The answer, from that entrepreneurial goat herd, was “Put a goat in a tree”. In 2019, with over 1.7 billion websites online, you should think of yourself as that goat-herd. 

How on earth can you get people to “slow down” and look at your website amidst the swath of information online? In the goat-herder sense, this will only work so long as not too many people do the same thing. If every tree had a goat in it, it wouldn’t be novel and we might not have stopped to take a picture worth paying for. I have little doubt next time I go to Morocco, these herders will have had to move on to another ploy, and I might find goats tap dancing or painting—whatever it takes to get people to slow down and take a look.


Check out my video below for more details on the story!

I realise this example might seem a little far-fetched for a B2B business owner in the online space, but let’s establish perspective here and root it back to reality. Generally, it’s not the product or service you’re offering that is actually different—it’s the way you present, package and deliver it.

If I'm selling a range of products in a marketplace, I’m looking for the product feature that highlights a benefit that others don’t provide. I'm looking to create a detailed and elaborate understanding of my product so that I can identify some difference or element of differential proposition that will put me in a unique position to secure more business.

For example, let’s say an accounting software vendor who provides a pretty commonplace service to their marketplace determines that they can provide mobile versions of their reports or tablet-based reports to their customers. These reports are easily accessible ‘on the go’ by busy senior managers and this company recognises that their competitors are not doing that. So, instead of selling boring accounting software, they start to sell their product based on their unique mobile capability. It’s still just an accounting system that does typical debits and credits, sales invoices, stock levels etc. The difference is that they've gone to the effort of creating a series of standard reports that can be made available on mobile devices, and they’ve communicated that as their selling point. The sharing of management info is simple, easy and people are able to easily create reports that give greater insight from their software platform, as opposed to any other.

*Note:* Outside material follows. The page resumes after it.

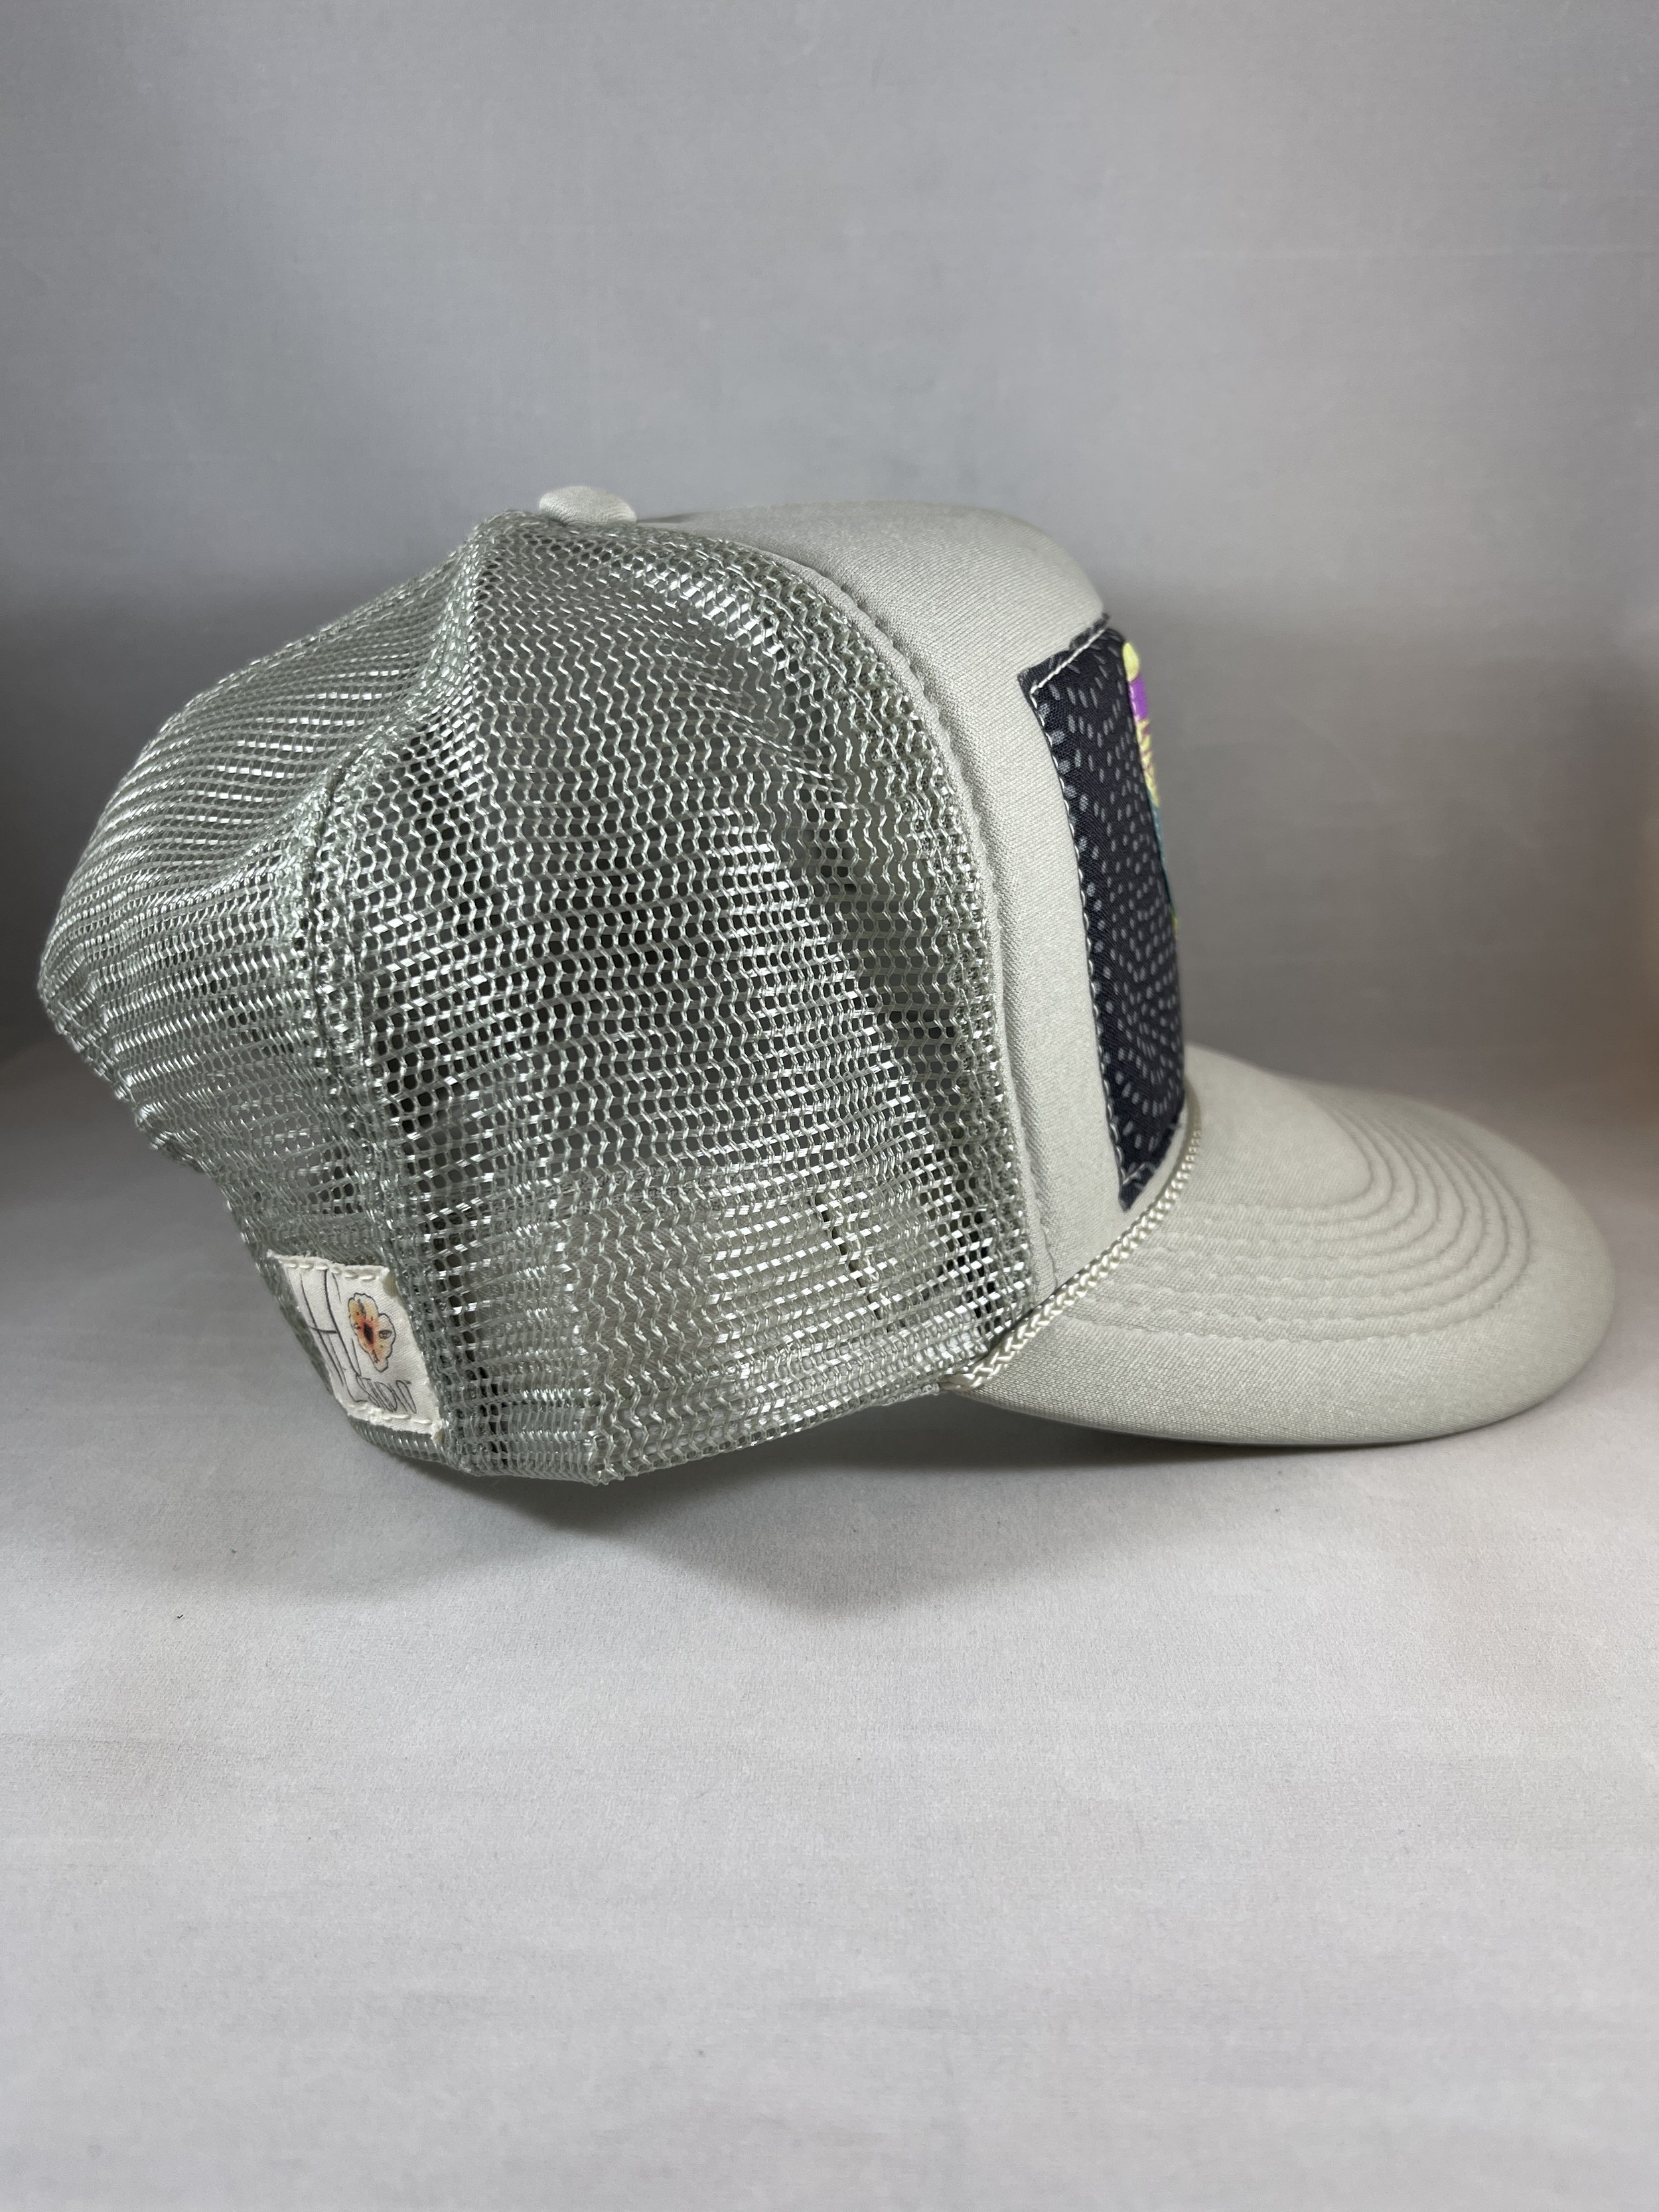 Shop — HEC Studio - One-of-a-kind Hats

To offer a service at the cheapest possible price by taking shortcuts and undercutting your competitors at the expense of quality—is a dangerous tactic – this leads to a race to the bottom. A less common and perhaps more reasonable tactic of product differentiation in marketing though is ‘quality of service’, which means the opposite: selling the same product as others but at a higher price.

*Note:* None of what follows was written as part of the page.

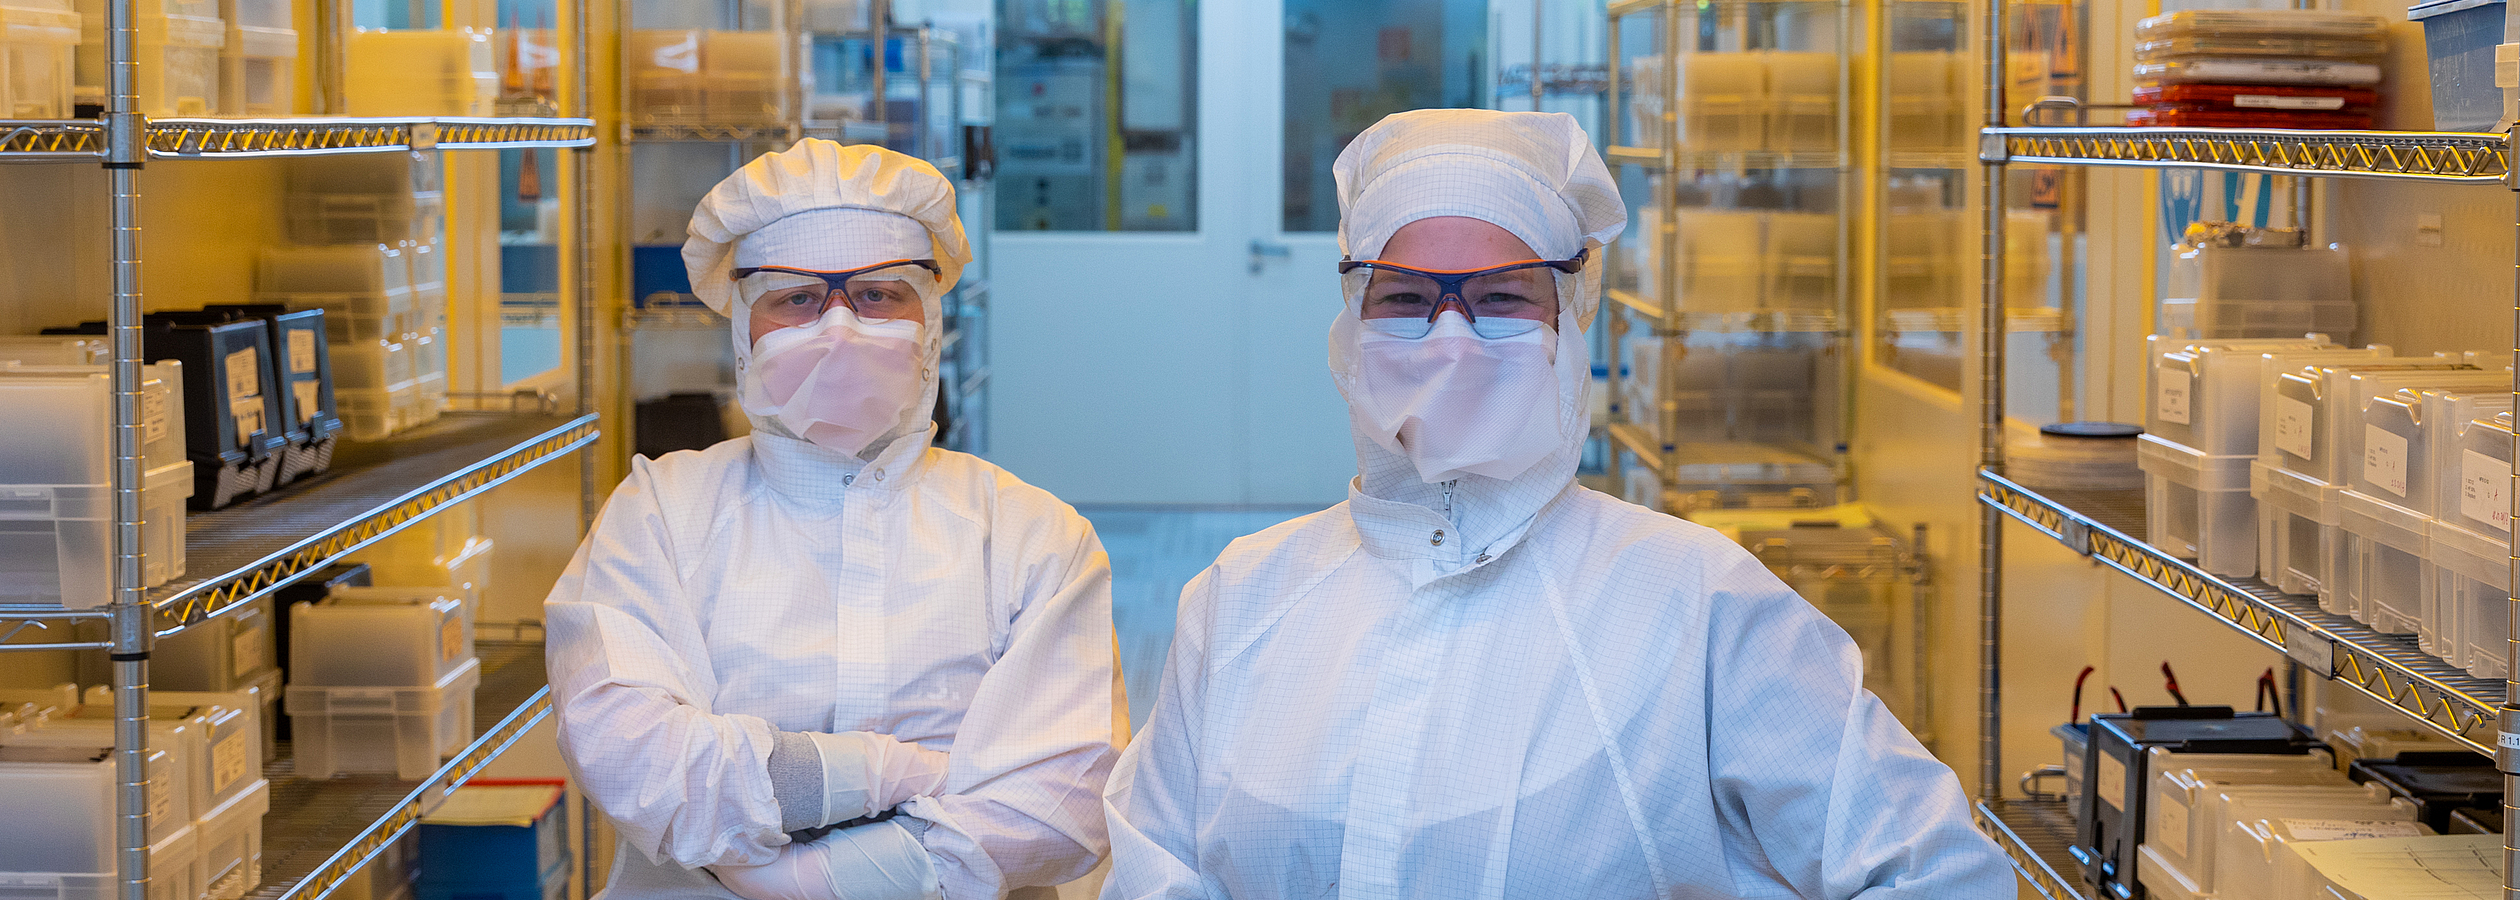 Mikrotechnologen in einem Schutzanzug im Labor

This one is quite difficult to pull off; if you compare a hotel room at the Four Seasons to one at a motorway rest-stop, both essentially provide the same thing: a place to sleep. However, the Four Seasons has created an exclusive service wrapper that allows them to charge far more money for what is fundamentally the same thing. Their job is to convince their customer of its clearly differentiated value.

If you can pull this off, great, but it’s not easy. If you’re charging much more than your competitors, there is no doubt you will limit your demographic. It’s much better to find some unique offering that you can provide without attaching a massive price premium—perhaps, wifi on a budget airline, or free drinks on board the plane—that will not alienate people from a financial perspective, but will enable you to explain why they should choose your company.

It’s hard to overstate how important product differentiation in marketing is. In fact, I would say that the key to effectively marketing and selling your products in a crowded market is to master the art of marketing and product differentiation. To make people notice you and what you offer and what you do, instead of just asking them to pay attention to you.

The goat-herder in Morocco had virtually no resources, but he did have an appreciation of differentiation, which is the fundamental basis of good marketing. If you can find a way to do this—to provide a product or service that the market wants, in a unique way—your chances of running a successful business are almost guaranteed.

Closing tip: Get different, be different, stay different - Try to think of where you could find a goat?